#1 Your job should leave you feeling fulfilled.

  • Many working mothers reassess their job after their first child comes along. We examine our satisfaction at work because it is literally time away from our baby. As we reassess our current job, it is important to be honest about our degree of fulfillment & whether we feel appreciated. A job that is not fulfilling is just a job.
  • The best jobs allow you to use your strengths & unique skills. If you are not heading toward your career goals, then your job is not right for you.
  • Having a mentor at work helps – someone who recognizes your strengths & skills & wants what is best for you. Your mentor can help you think through all your issues.
  • There will always be conflicts at work. If they are minimal, your job will be tolerable. But if conflicts are common, they add STRESS to your work environment (which some of us carry home).
  • Frequent conflicts are a red flag indicating the necessity of your finding a better job for you (and your family). Expect that your becoming a mother will change the way you look at your work.

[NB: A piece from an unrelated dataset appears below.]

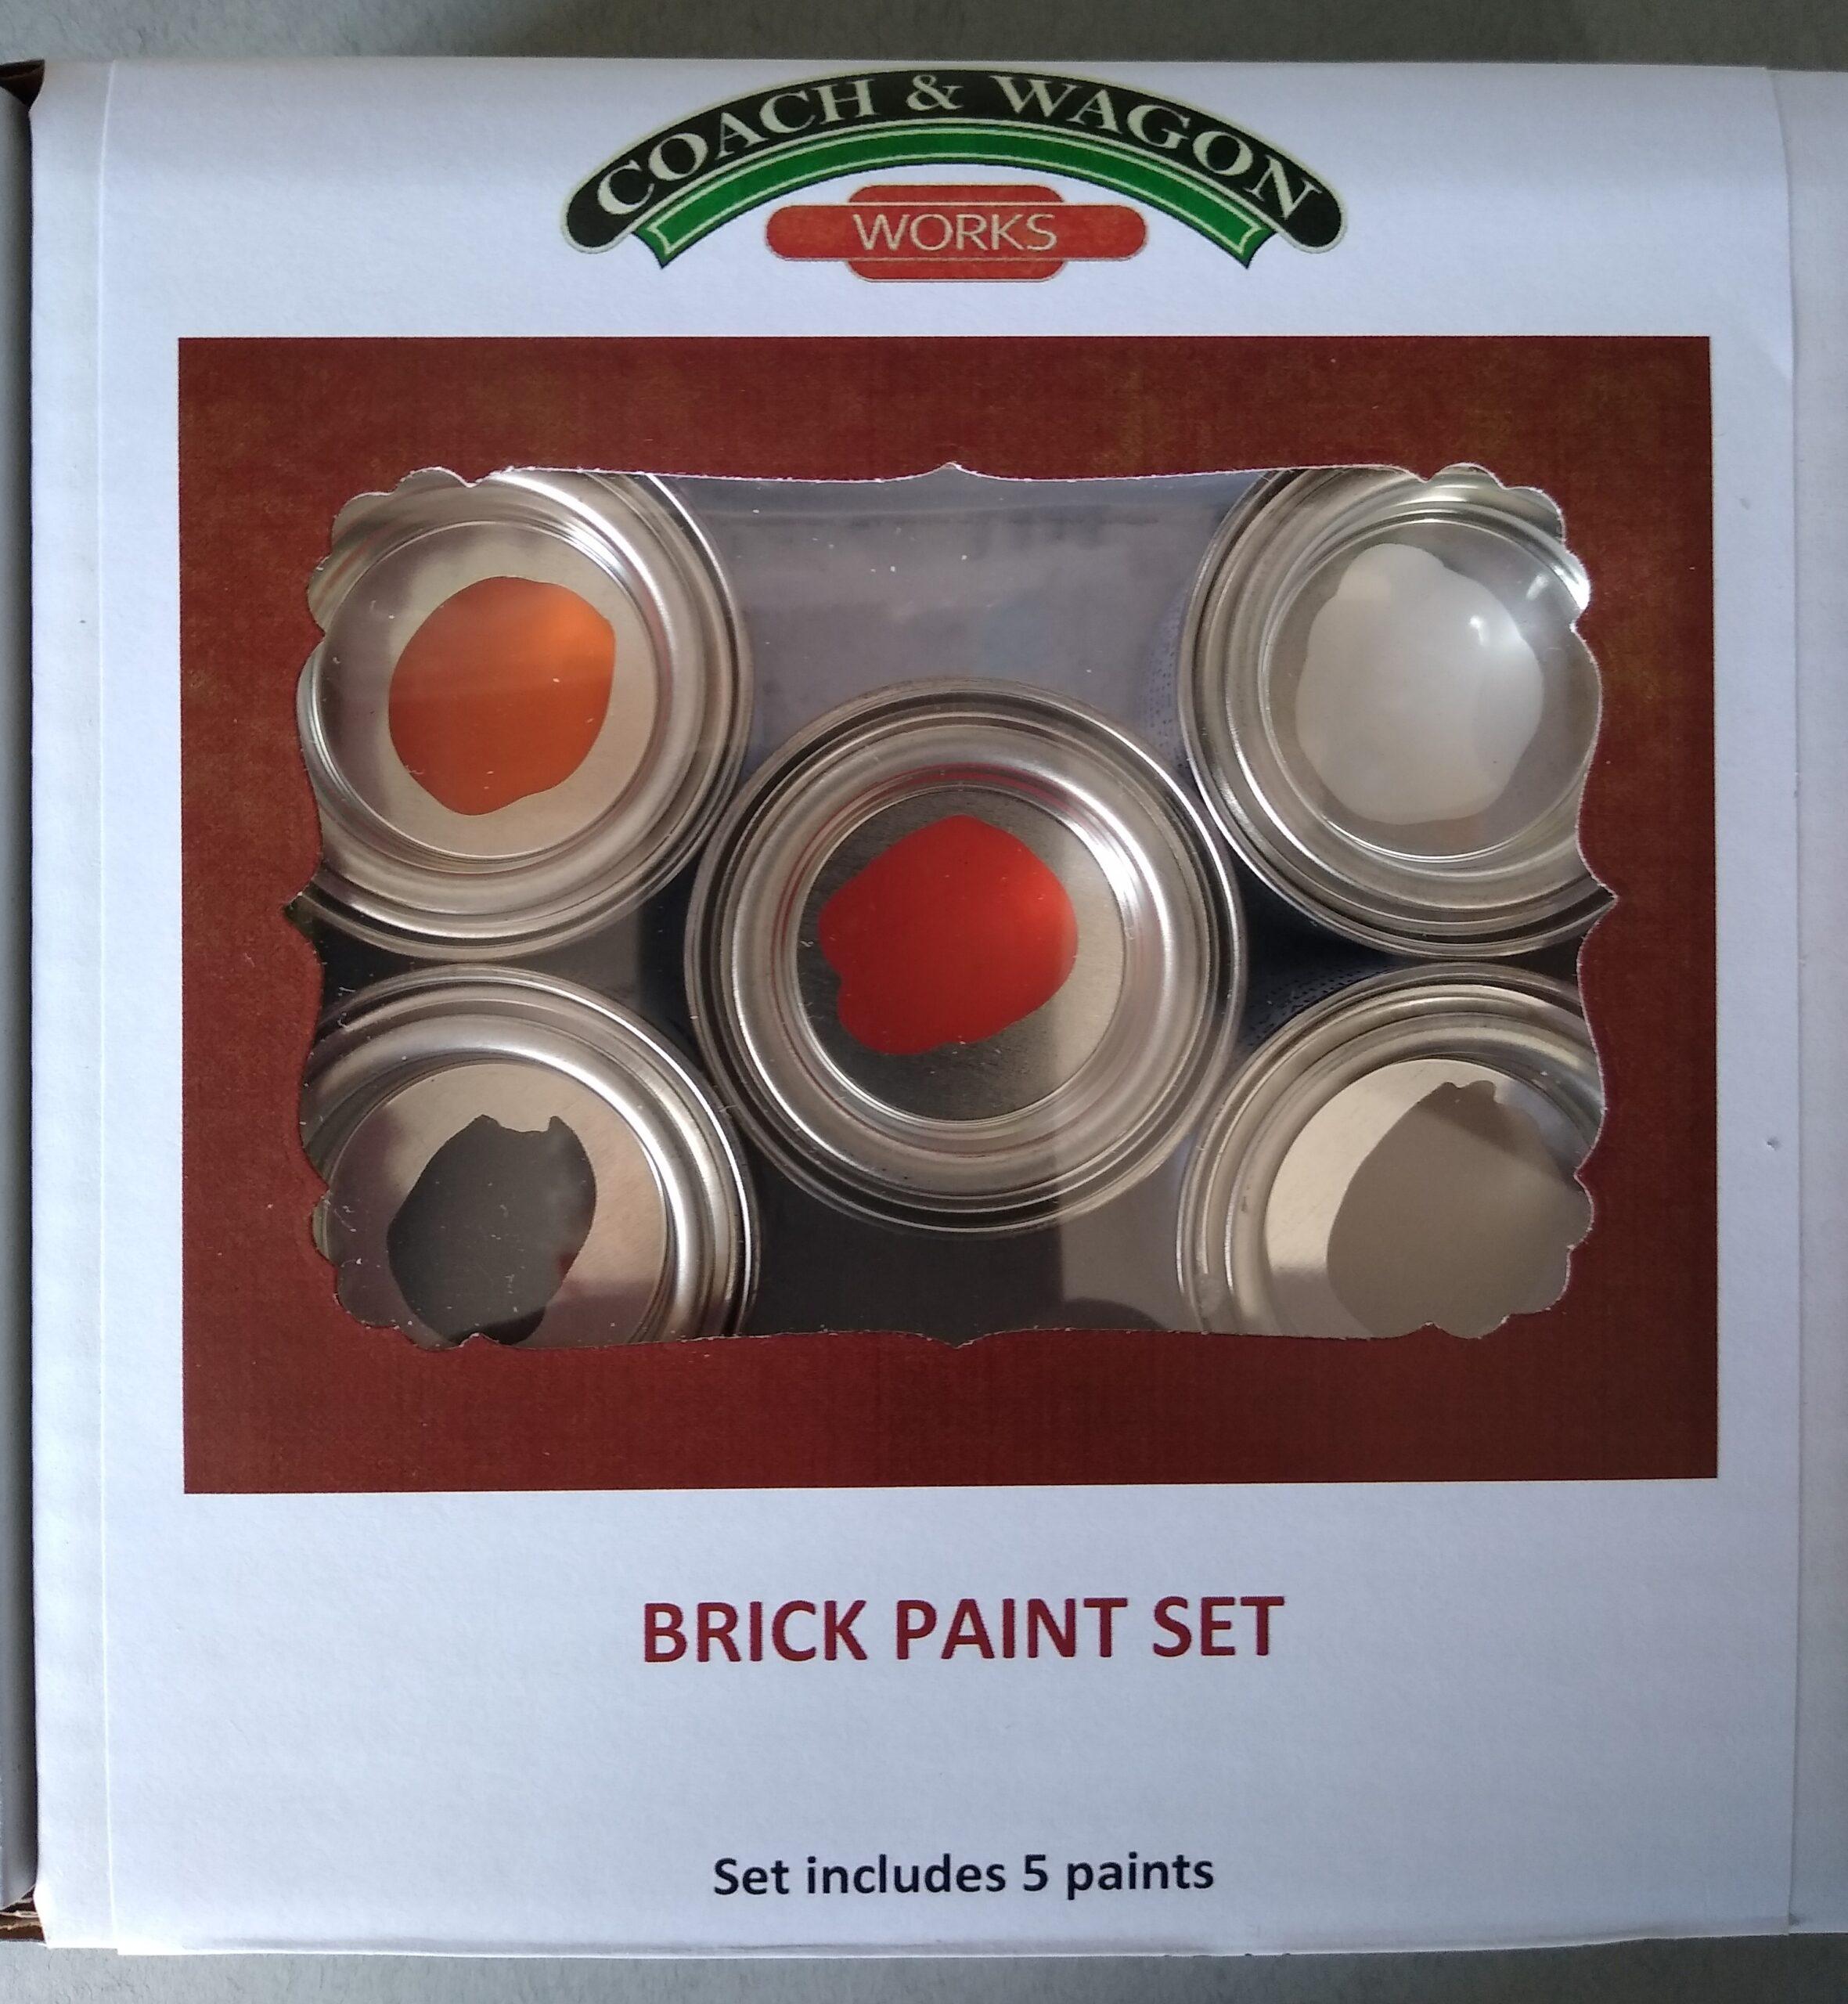 Builders yard paint Box Brick paint set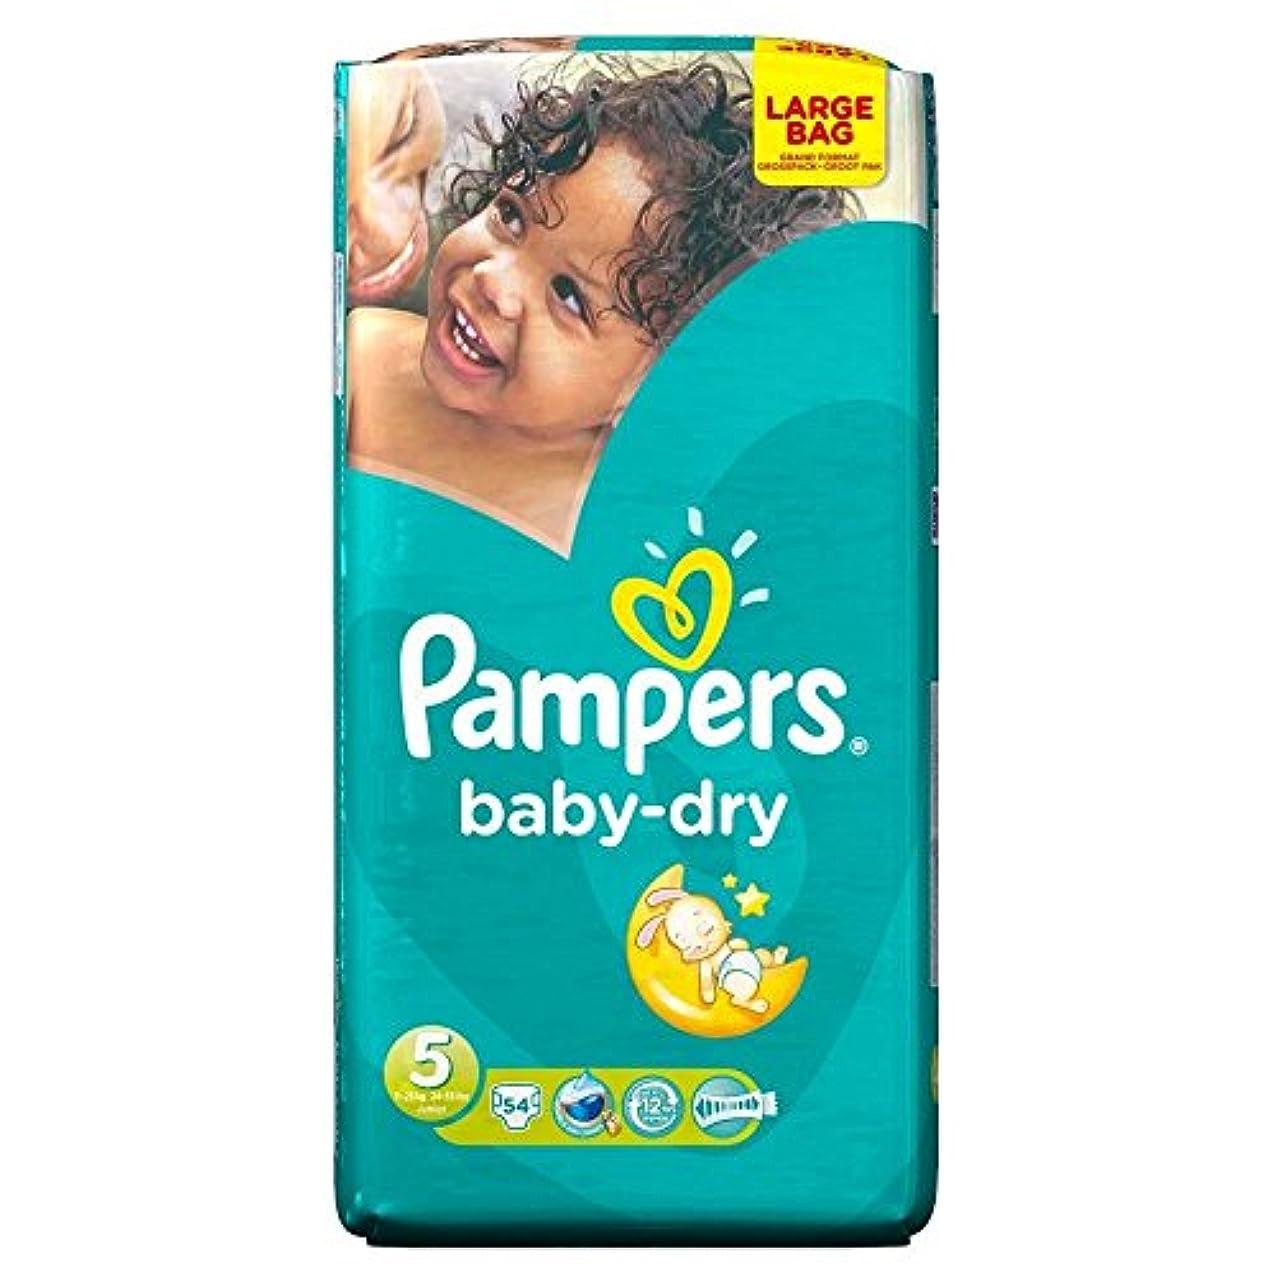 ミルク具体的に証言Pampers Baby Dry Size 5 Junior 11-25kg (54 per pack) パンパース赤ちゃんドライサイズ5ジュニア11~25キロ(パックあたり54 )

#2 Your professional development is crucial.

  • Continuing education & adult learning are necessary. They are crucial to your survival as a working mother in your field.
  • After you obtain your degree & a good job, you work your job, mature, & become better with experience. However, your original education & training may become out of date; so you need to stay current.
  • Many of us have jobs that provide reimbursement for on-going education: CME for doctors, CEU for nurses, CLE for lawyers, etc. Always take advantage of these offerings. Feel free to pursue any new skills that interest you (with your boss’ approval, of course).
  • Remember that you are in this for the long haul – twenty-five to thirty years, or more, & your original job may one day begin to feel ordinary.
  • Multidisciplinary projects are extremely valuable for professional growth, for only in that framework will you learn how the “other” sees the same problem. For example, neonatologists & obstetricians view the birth process from entirely different perspectives. This is true in other fields as well. A multidisciplinary approach will broaden your view in any area of work.

#3 Cultivate your work friendships and allies.

  • All working moms need friends. It is simply how we survive being away from our children.
  • Working moms tell stories, compare notes, & talk about our children. It comes naturally to us.
  • The workers under you will respect your ability to reveal something personal about yourself. When you volunteer a story about a challenging situation with your children, that sharing, and vulnerability are appreciated. All working mothers face these challenges.
  • Learning to give positive strokes to others in your workplace is key. When we are kind & outwardly appreciate the work that others do, they notice & respond positively. The best NICU nurses would do anything for me, because they knew that I appreciated, recognized, & needed them!
  • New jobs can bring out the worst in us (at least it did for me many years ago). Once in a new job, I complained about my situation to too many people. Soon enough I became known as critical & difficult to please. That won me few friends & allies. Without friends & allies in that workplace I was miserable for a long time. That was a huge mistake.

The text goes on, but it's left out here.